- Archdiocese: Hobart
- Installed: 11 February 1930
- Term ended: 20 September 1955
- Predecessor: William Barry
- Successor: Justin Simonds
- Other post: Bishop of Wilcannia–Forbes (1918–1930)

Orders
- Ordination: 28 October 1891 at Collegio Teutonico Chapel, Rome by Giulio Lenti
- Consecration: 8 September 1918 at St Mary's Cathedral, Sydney by Michael Kelly

Personal details
- Born: William Hayden 15 March 1867 Kilkenny, Ireland
- Died: 2 October 1936 (aged 69) Darlinghurst, New South Wales, Australia
- Denomination: Catholic Church
- Occupation: Catholic bishop
- Motto: In omnibus caritas (In all things, charity)

= William Hayden (bishop) =

Irish-born Australian Catholic bishop (1867–1936)

William Hayden (15 March 1867 – 2 October 1936) was an Irish-born Australian bishop of the Catholic Church. He served as Archbishop of Hobart and prior to that, Bishop of Wilcannia–Forbes.

==Early life==
Hayden was born in Bishop's Lough, Co. Kilkenny, Ireland to Charles and Bridget Hayden. His brother Thomas also became a priest for the Archdiocese of Sydney and was elevated to the rank of monsignor. His sister, Mother Mary Stanislaus Hayden, become a Brigidine sister and served in Randwick. She was part of the first group of Brigidine Sisters to travel to Coonamble in 1883.

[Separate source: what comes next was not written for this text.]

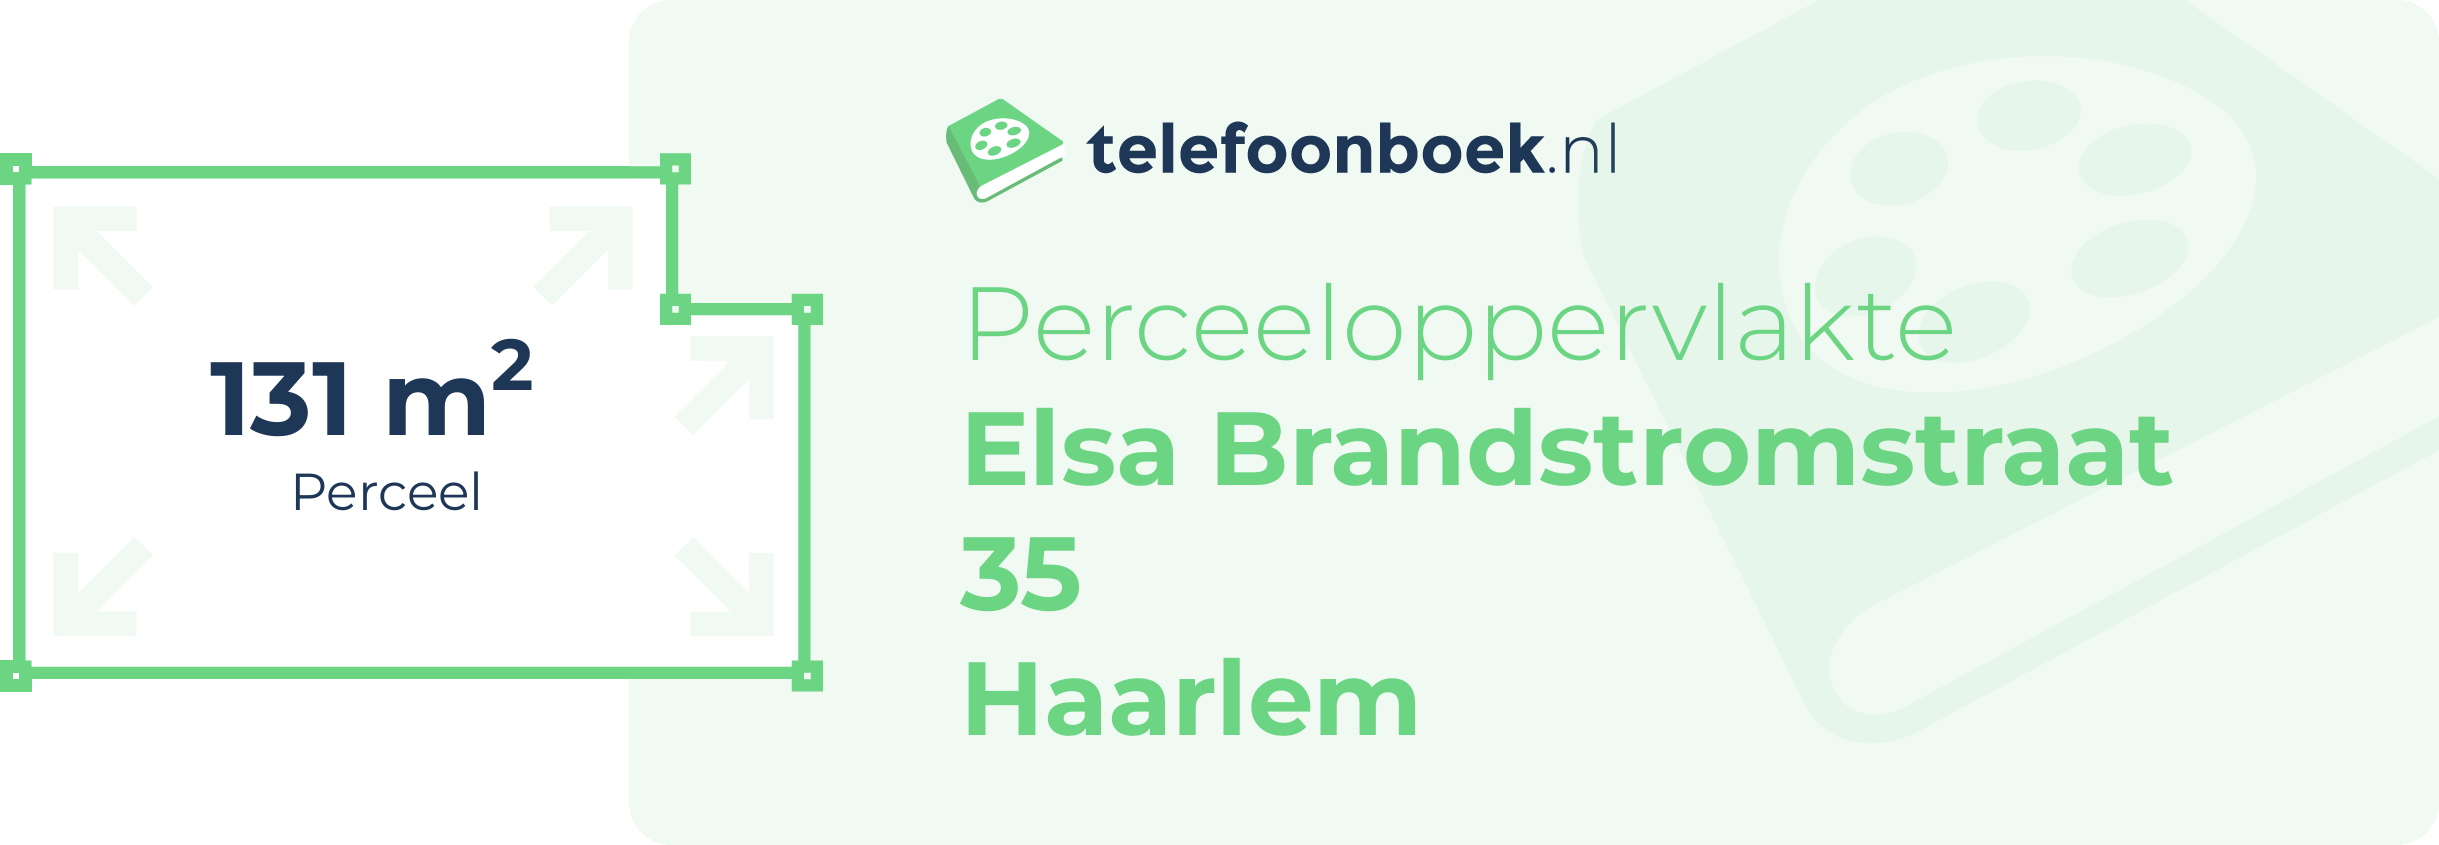 Perceeloppervlakte Elsa Brandstromstraat 35 Haarlem

Hayden began his preliminary studies for the priesthood at St Kieran's College, Kilkenny before furthering his studies at the Pontificio Collegio Urbano de Propaganda Fide in Rome.

==Priesthood==
Hayden was ordained to the priesthood on 28 October 1891 in the Pontificio Collegio Urbano de Propaganda Fide Chapel in Rome by Bishop Giulio Lenti. He travelled to Australia following his ordination and received his first appointment at Concord. He then served at St Mary's Cathedral, Sydney before being appointed parish priest of Albion Park. During his 13 years at Albion Park, he built a convent, school and chapel in Dapto. He also enlarged the church at Shellharbour.He was then transferred to Dulwich Hill, where he built a convent, school and presbytery, while also acquiring new land for the parish. He also founded The Catholic Press newspaper in 1895.

==Episcopate==
On 13 March 1918, he was appointed Bishop of the newly named and expanded Diocese of Wilcannia–Forbes. He was consecrated as a bishop on 8 September 1918 at St Mary's Cathedral, Sydney by Archbishop Michael Kelly.

He proceeded to his new diocese and arrived in Broken Hill on 20 October 1918.

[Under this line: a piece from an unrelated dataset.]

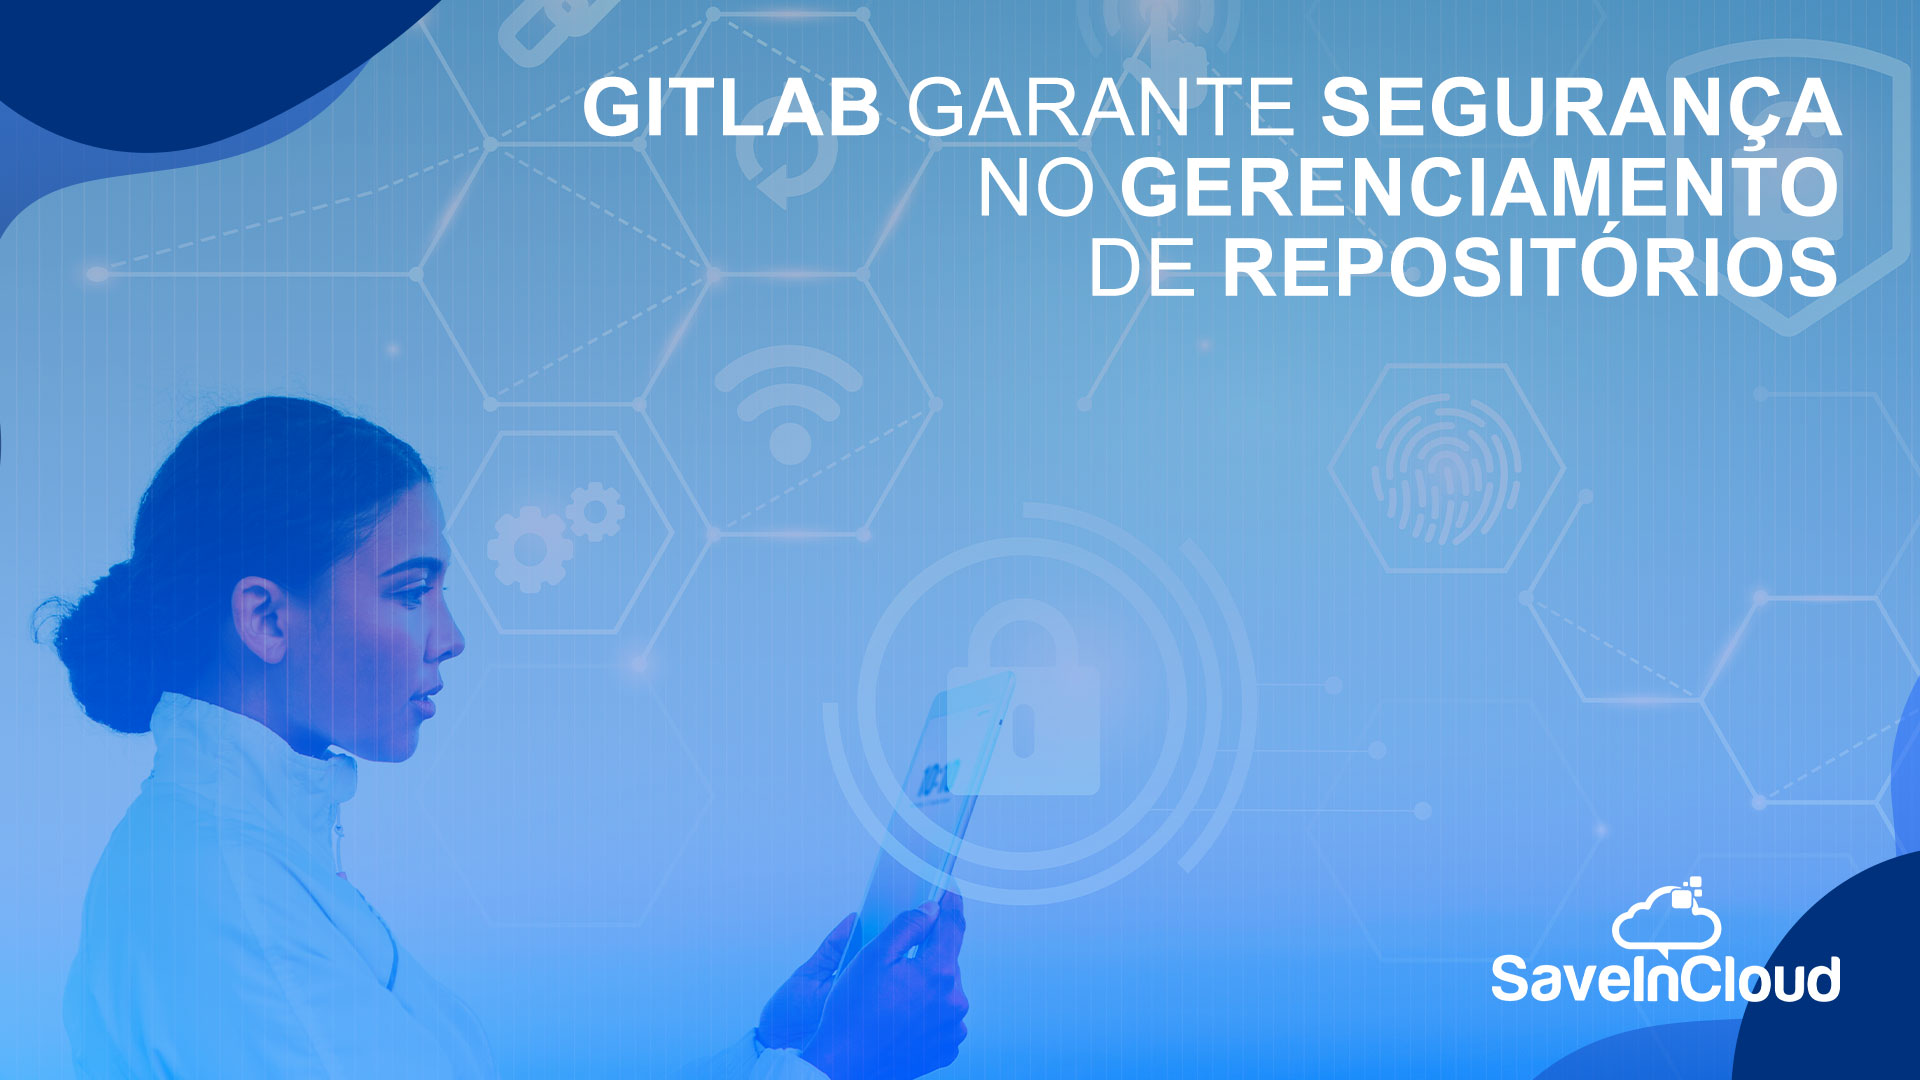 GitLab garante segurança no gerenciamento de repositórios

He quickly developed a sympathetic understanding of the problems and needs of the vast diocese, voicing the grievances and demands of the people of far west New South Wales. He was an ardent champion of the railway from Broken Hill to Sydney. While in the Diocese, he helped the Marist Brothers open five schools in Forbes and Broken Hill. He established new parishes in Carinda and Barham. He built a new convent in Mathoura and established a convent and novitiate in Parkes for the Sisters of Mercy.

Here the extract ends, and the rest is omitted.